Now Willacy’s lawyers are asking the Supreme Court to step in, arguing that appealing the denial after the fact does nothing when the clock is ticking. In a reply filed Thursday morning, they said a regular appeal would be useless because the deadline to file a new postconviction motion has already passed.

“Appealing the denial after the time has lapsed and proceedings have concluded in circuit court affords Willacy absolutely no remedy,” his attorneys wrote. “Willacy has attempted to file his writ before the deadline for the successive motion but will not make the useless attempt to file a motion without the needed records.”

The Florida Supreme Court
Florida Supreme Court (TFP File Photo)

The case has drawn attention because of a warning from U.S. Supreme Court Justice Sonia Sotomayor just last month in a similar Florida case. She wrote that the state’s courts appear to be placing death row inmates in a “Catch-22” by denying records requests because the prisoners don’t yet have enough information to raise a claim, when the whole reason they’re asking for the records is to get that information.
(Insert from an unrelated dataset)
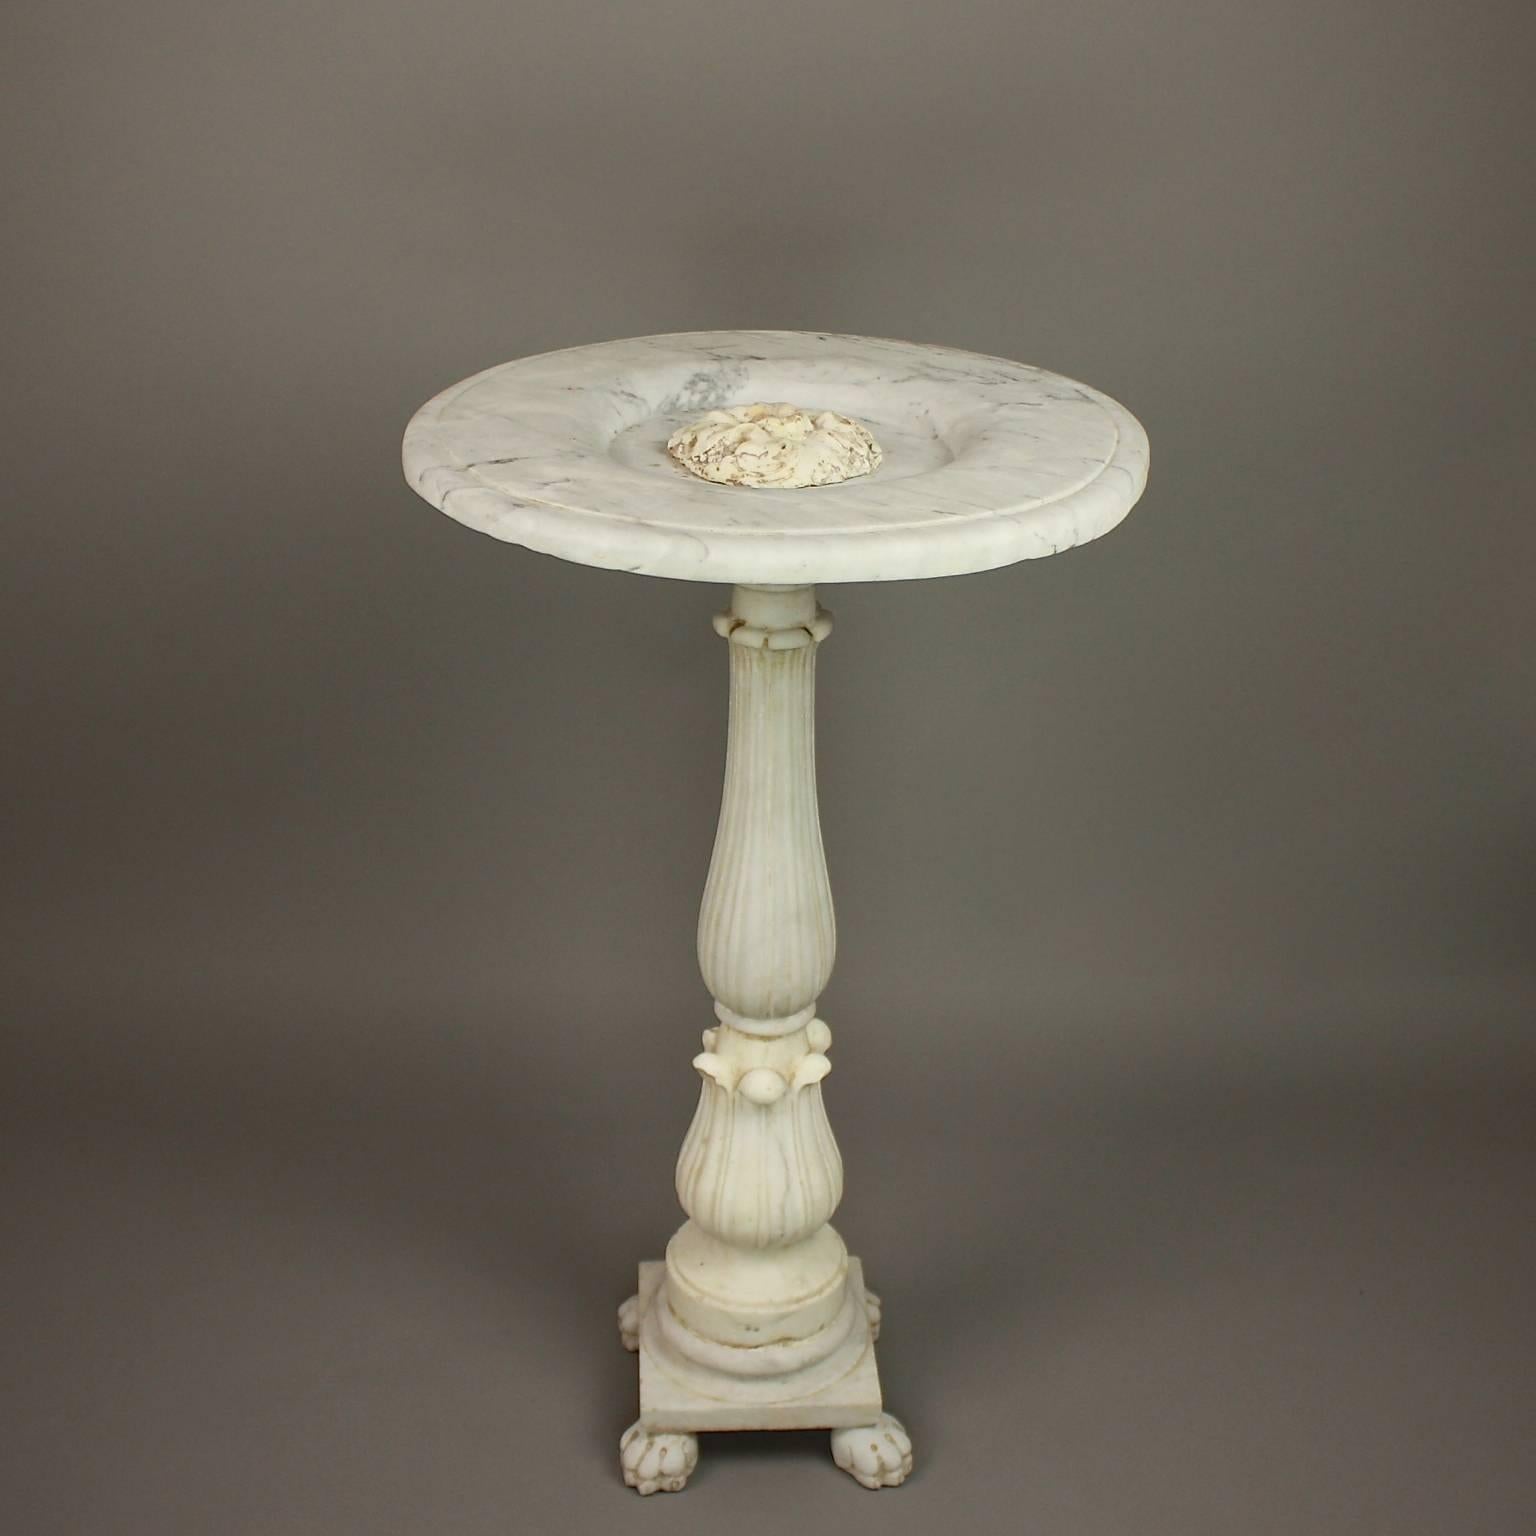 Late 18th century marble fountain carved in Carrara marble and originally the center piece of a larger basin. A circular flat top with a central vine ornament adorns the waterspout. The water would pour over the rim softening the edges of this hard
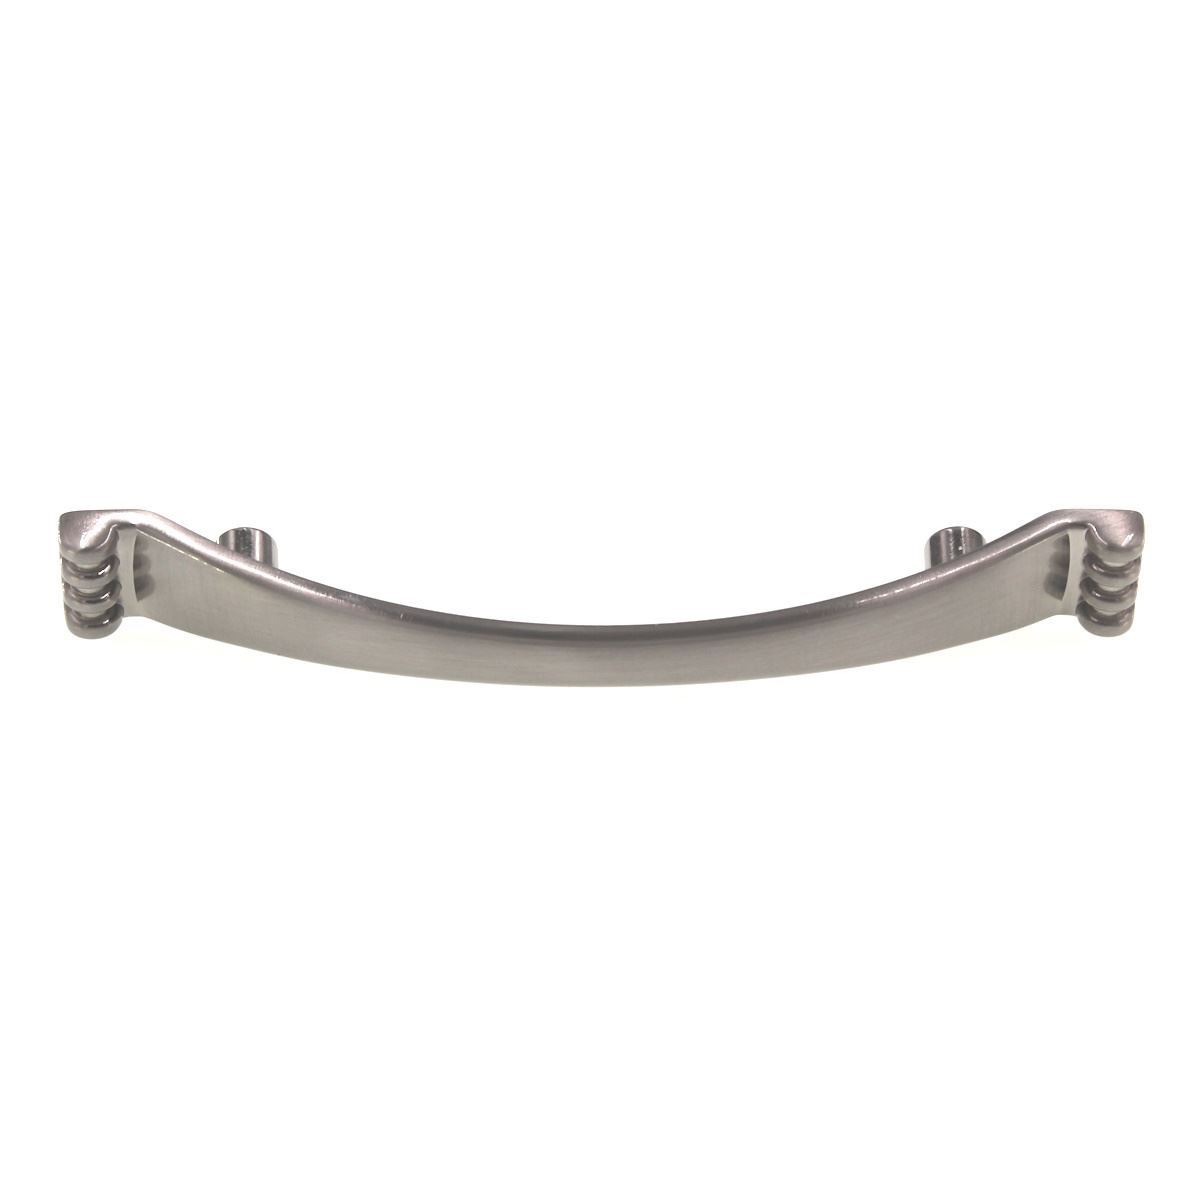 Hickory Hardware Conquest 3" Ctr Cabinet Arch Pull Satin Nickel P14461-SN

Willacy’s lawyers are pointing to that same problem here. They say the records they’re asking for would help support an Eighth Amendment claim about how the state carries out executions. They also note that in another recent case, records turned over in Frank Walls’ federal lawsuit suggested possible problems with how the state administers lethal injection.

At a hearing Monday, Willacy’s attorneys argued the records they’re seeking are a matter of public record and that the state’s objections are just a way to keep them from getting information they’re legally entitled to.

Joshua Chaykin, one of Willacy’s lawyers, told Judge Speicher that the communications between agencies after the initial records request was filed on March 6 would show whether state officials were strategizing to treat the request differently because a warrant was about to be signed.

“The colorable claim is that the agencies are strategizing to prevent Mr. Willacy’s access to public records by reframing his pre-warrant public records request as a post-warrant public records request in order to add additional requirements,” Chaykin said during the hearing.

READ: From Florida To China: Siblings Indicted In MacDill Bomb Plot After Michigan Arrest

The state pushed back hard. Attorneys for the governor’s office said the records Willacy wants are protected because they involve clemency decisions, which the governor has complete discretion over. They argued that a court ordering those records released would violate the separation of powers.

Michael Mervine, with the attorney general’s office, told the judge that Willacy’s request wasn’t tied to any legitimate claim.

“Under Rule 3.852 there has to be a colorable claim for postconviction relief asserted in order to be entitled to these records. Here, there is none,” Mervine said. “What the demand seeks is the ability to explore whether such a colorable claim exists. That’s not proper.”

The state also noted that Willacy waited until the final minutes of the Wednesday deadline to file his mandamus petition with the Supreme Court, then filed a motion for an extension of time in circuit court just 37 seconds before the 4 p.m. cutoff. Judge Speicher denied that extension Thursday morning, ordering Willacy to file his postconviction motion by 2 p.m. that same day.

Willacy’s legal team says the state’s accusation that they’re trying to delay is baseless. They point out they filed their first records request before the warrant was even signed, and they’re now just trying to get the information they need to file a motion that has any chance of succeeding.

In their reply to the Supreme Court, they quoted Sotomayor’s statement directly: “The Florida Supreme Court appears to be placing prisoners in a Catch-22: It has affirmed the denial of requests for records on these issues, at least in part, because the prisoners do not yet have enough information to raise a ‘colorable’ Eighth Amendment claim. The very reason the prisoners are seeking the records, however, is to gather enough information to raise a colorable Eighth Amendment claim.”

Willacy’s execution is set for April 21. The Florida Supreme Court has not yet ruled on his petition.